> **Goal of the exercise**: Starting from the line that holds "Kuchyně s panoramatickými okny", output exactly each line through the end of the listing. Do not copy pictures.

> **Data block**:
BEGIN

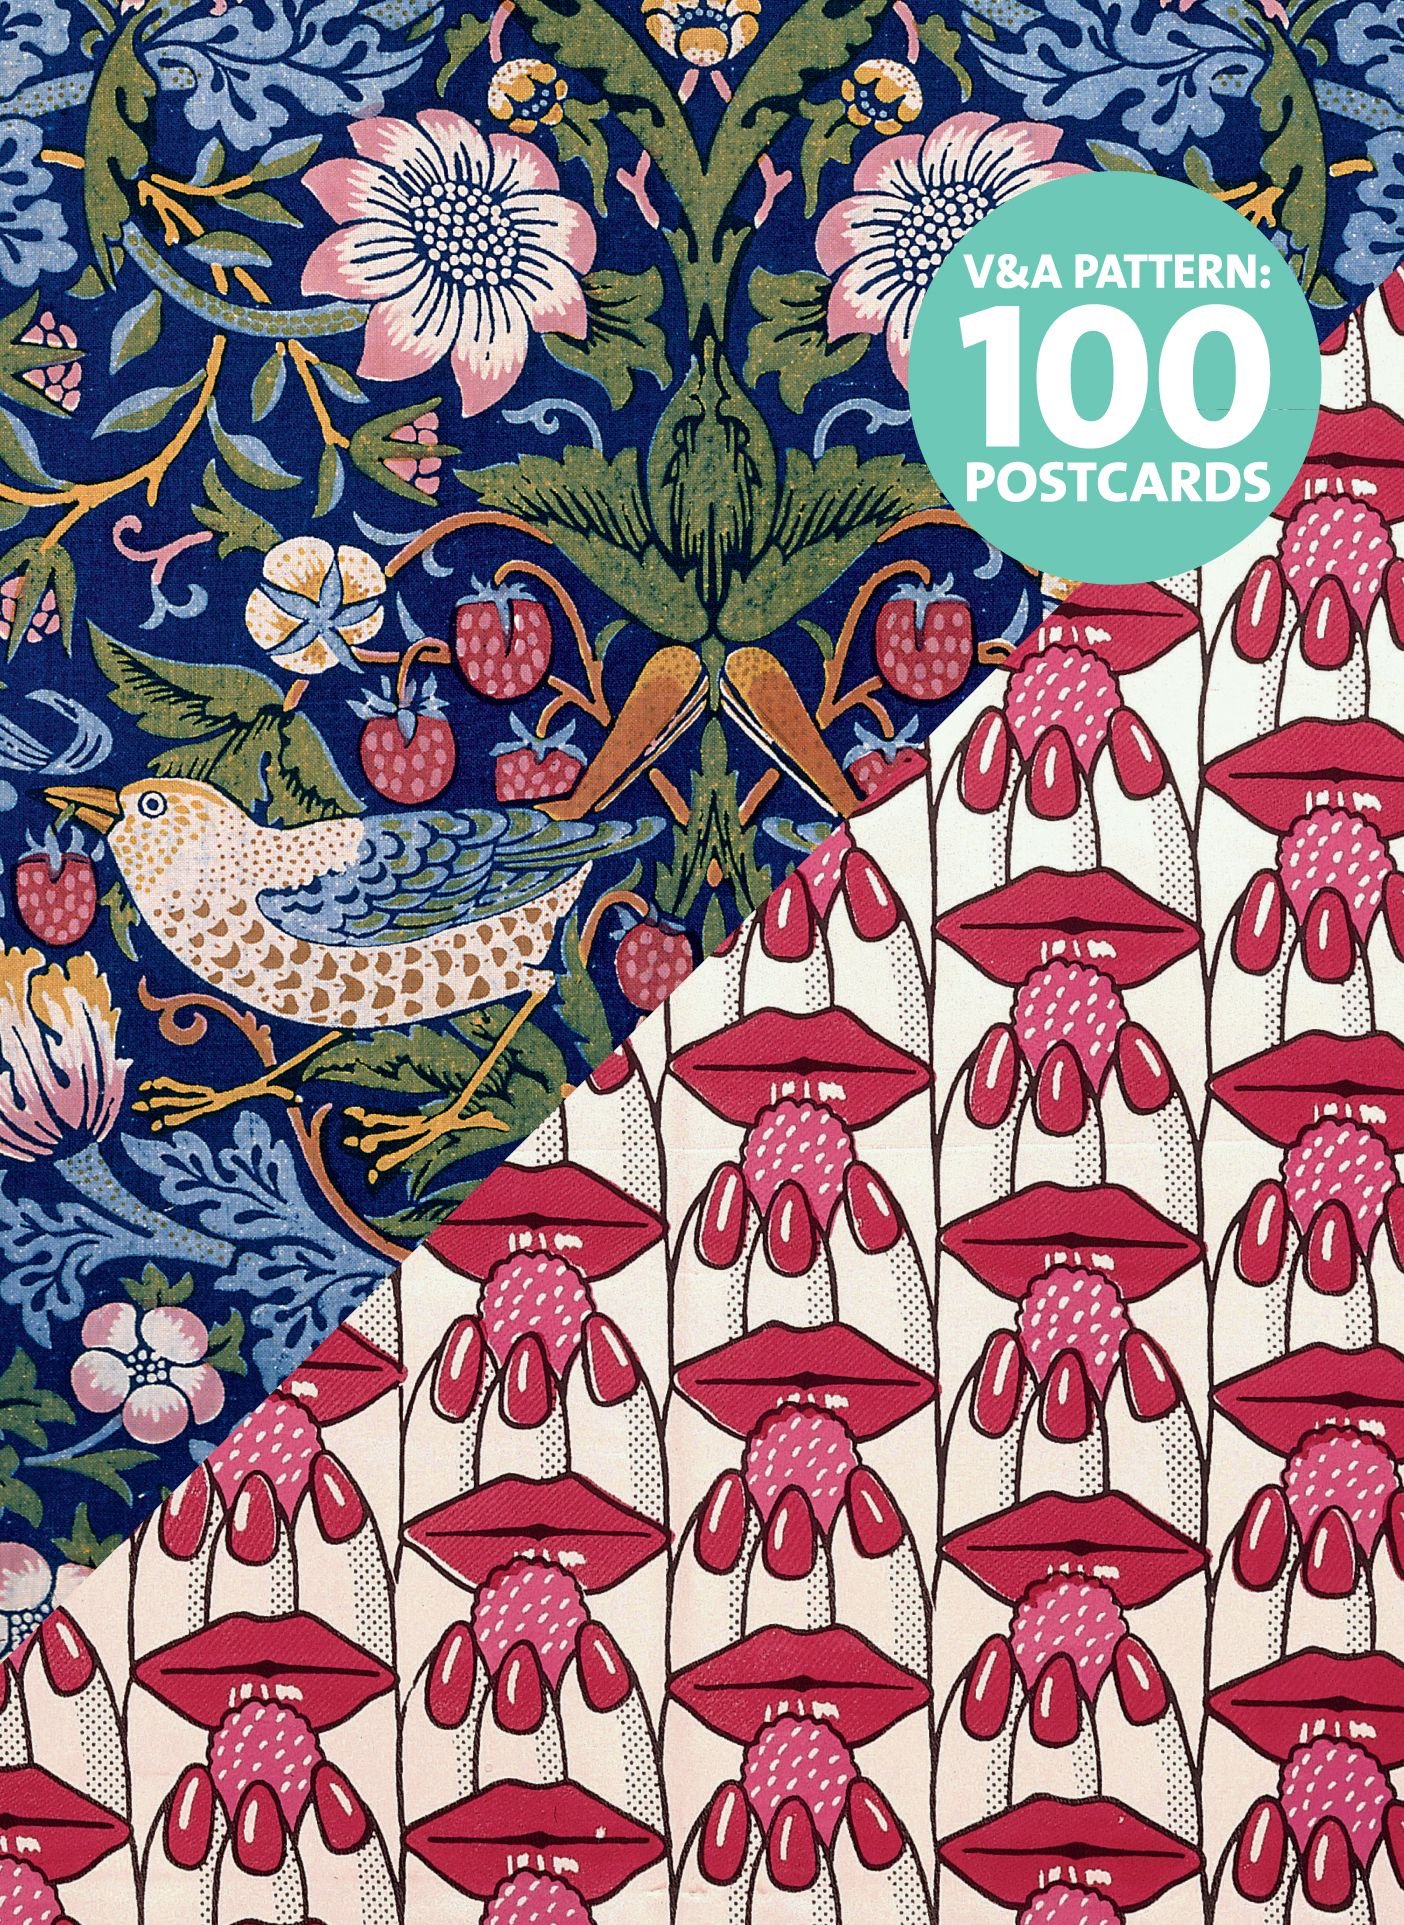 V&A Pattern: 100 Postcards
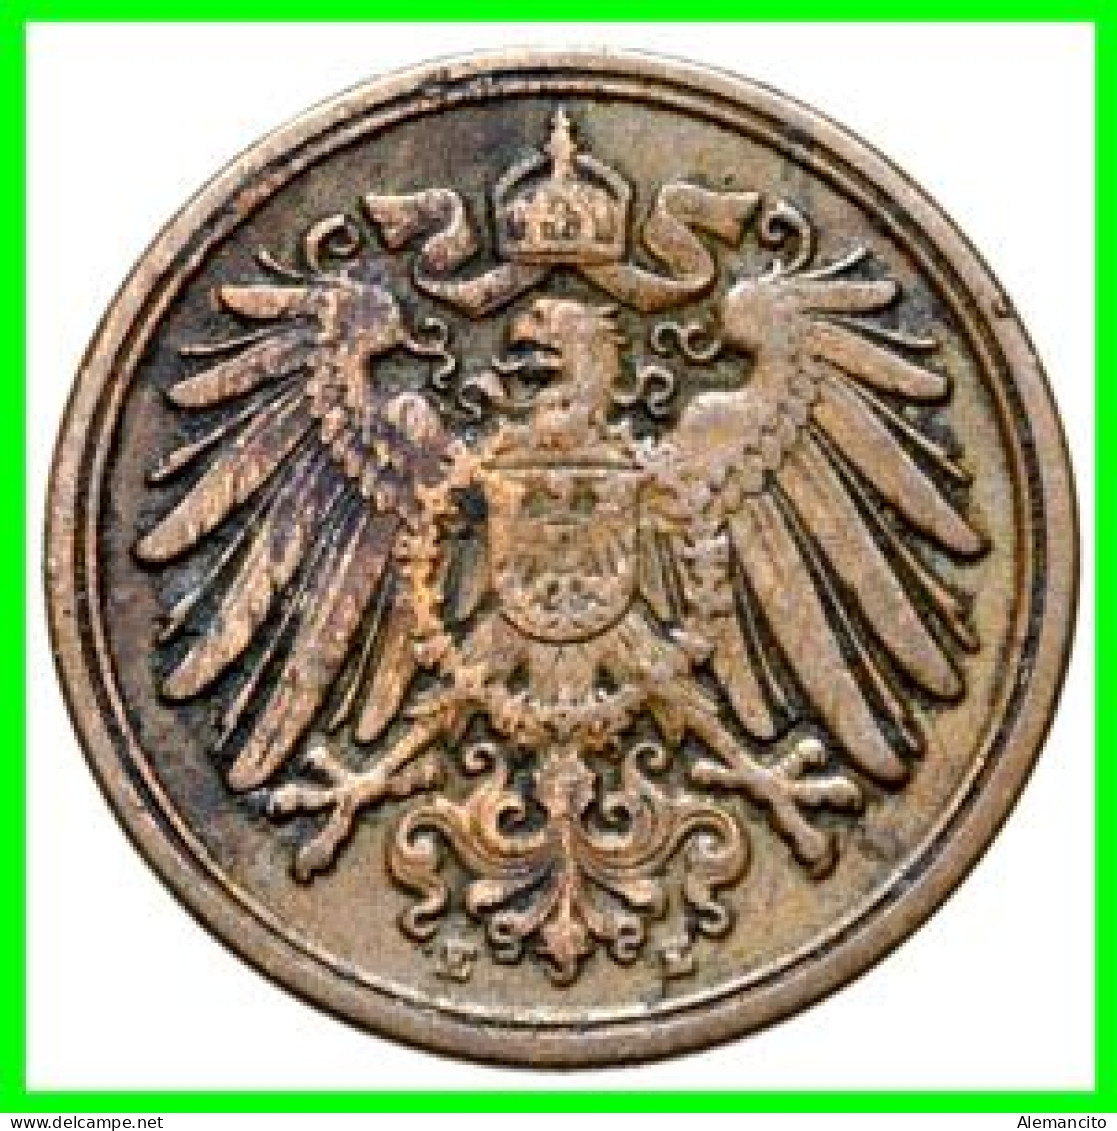 ALEMANIA – GERMANY - IMPERIO 4 MONEDAS DE SERIE COBRE DIAMETRO 17.5 Mm. DEL AÑO 1904 – KM-10   WILHELM II - 1 Pfennig
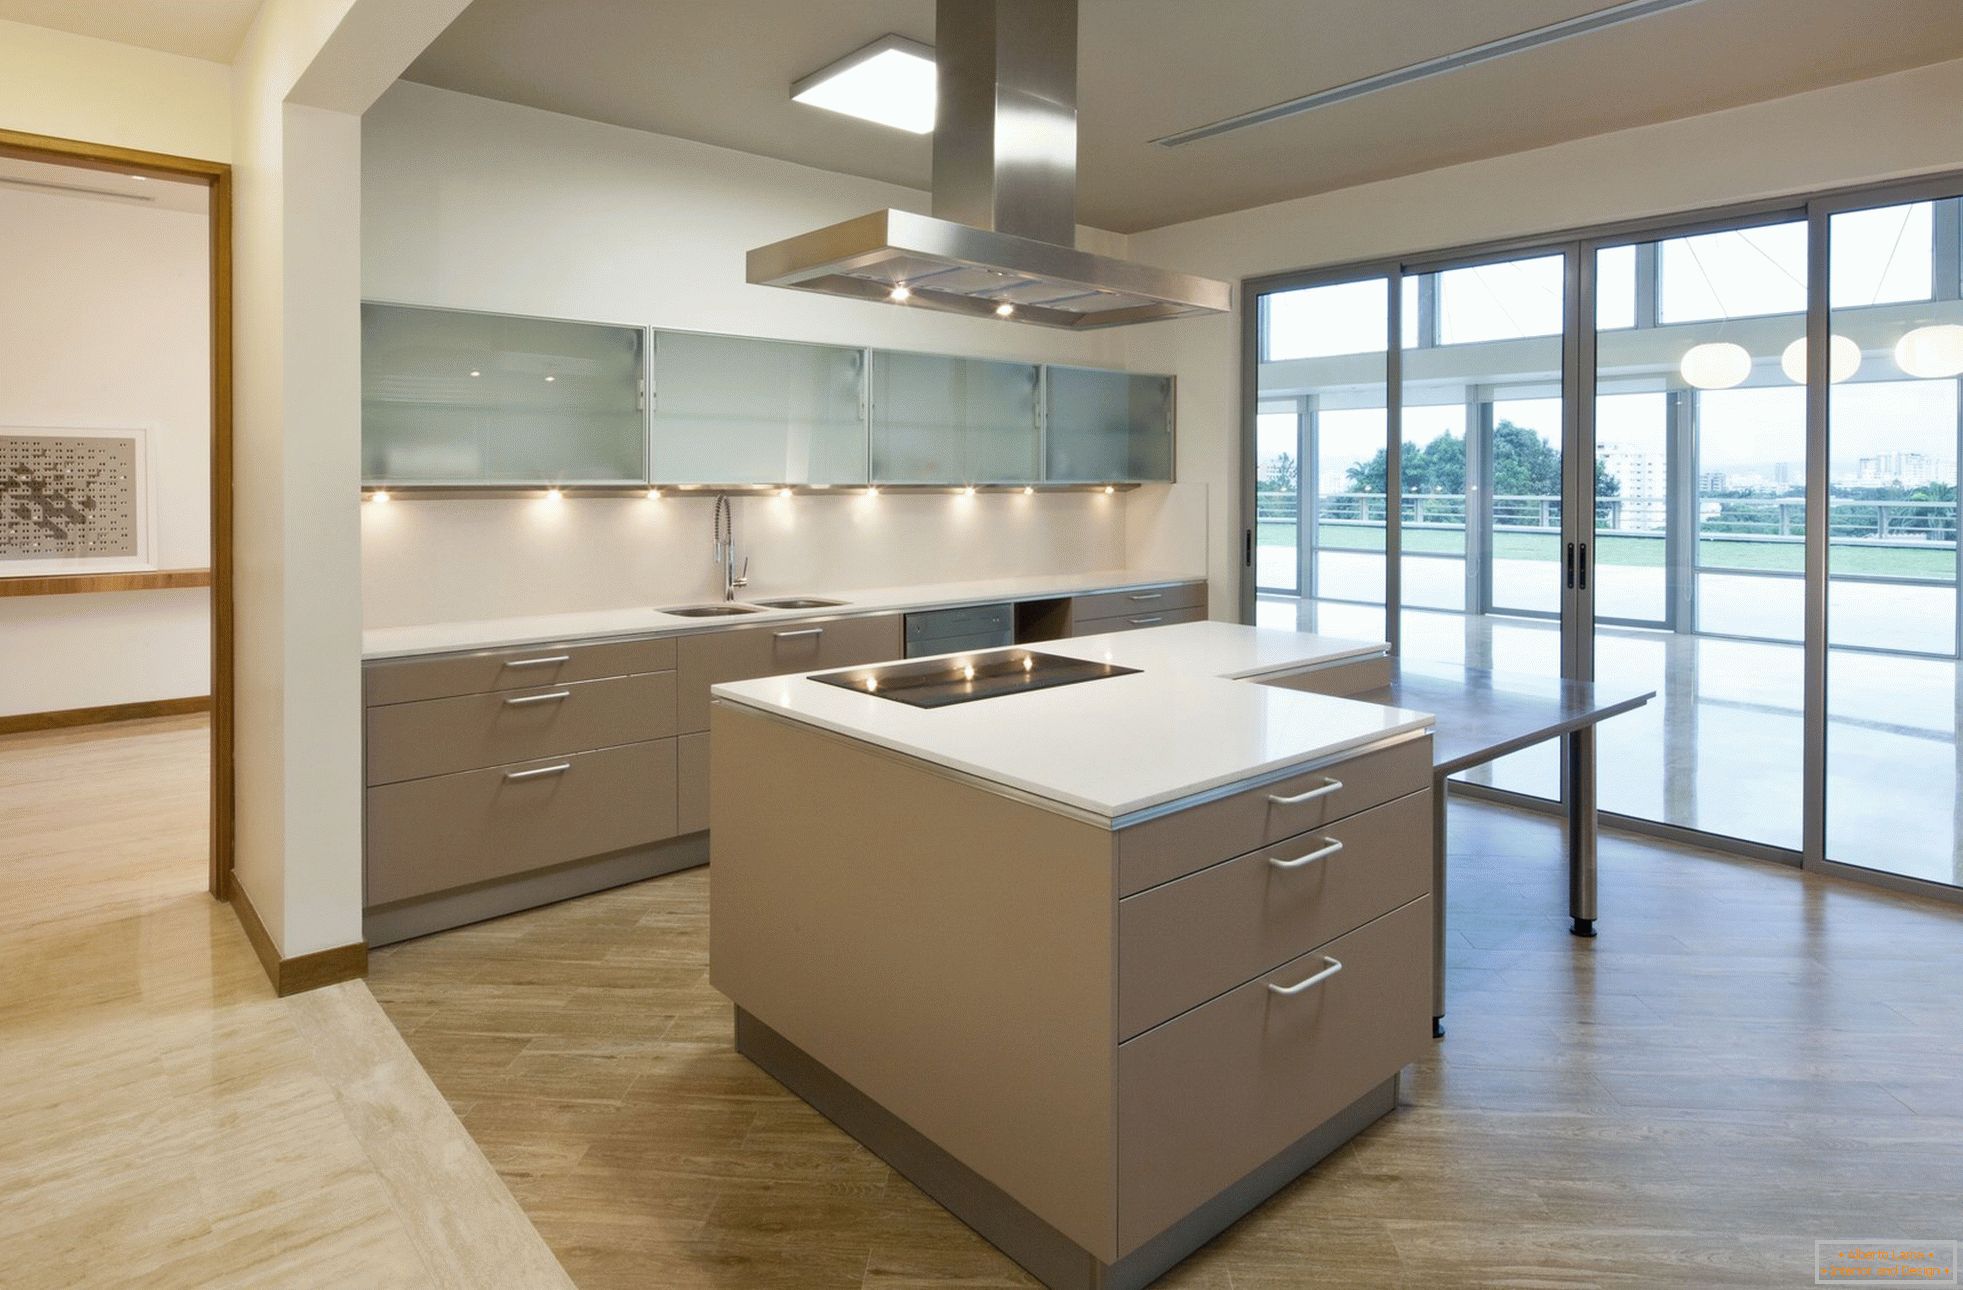 Kuchyně s panoramatickými okny
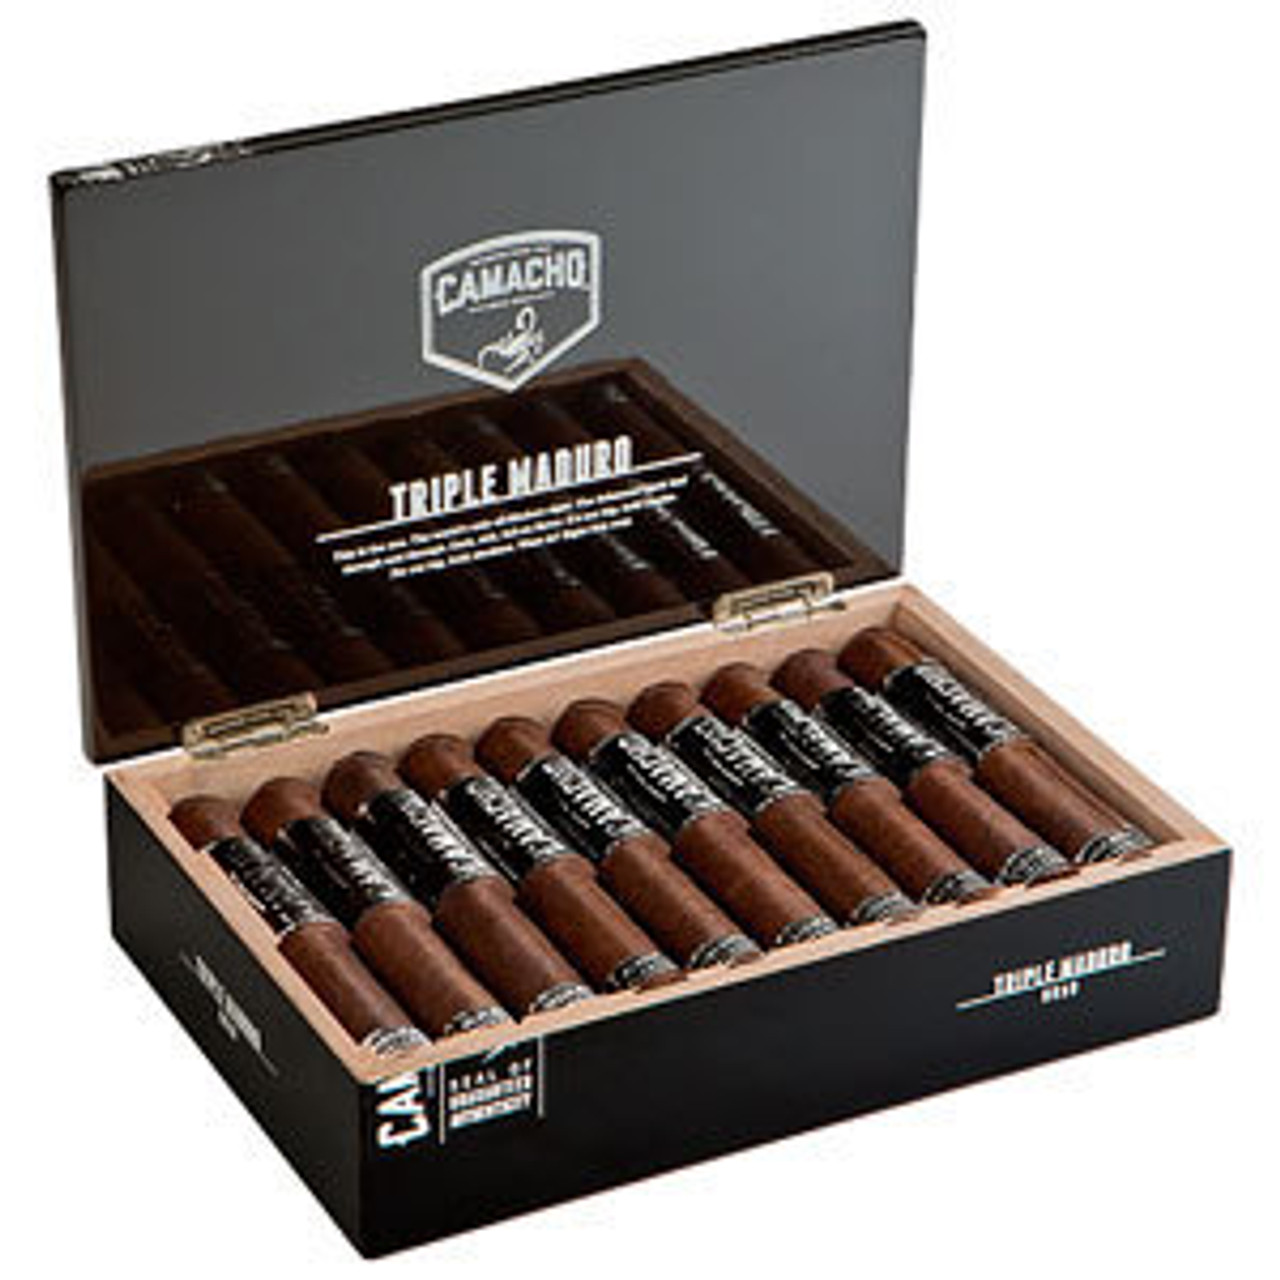 Camacho Triple Maduro Robusto Cigars - 5.0 x 50 (Box of 20) *Box

END

> **Task response**:
 Kuchyně s panoramatickými okny
 Camacho Triple Maduro Robusto Cigars - 5.0 x 50 (Box of 20) *Box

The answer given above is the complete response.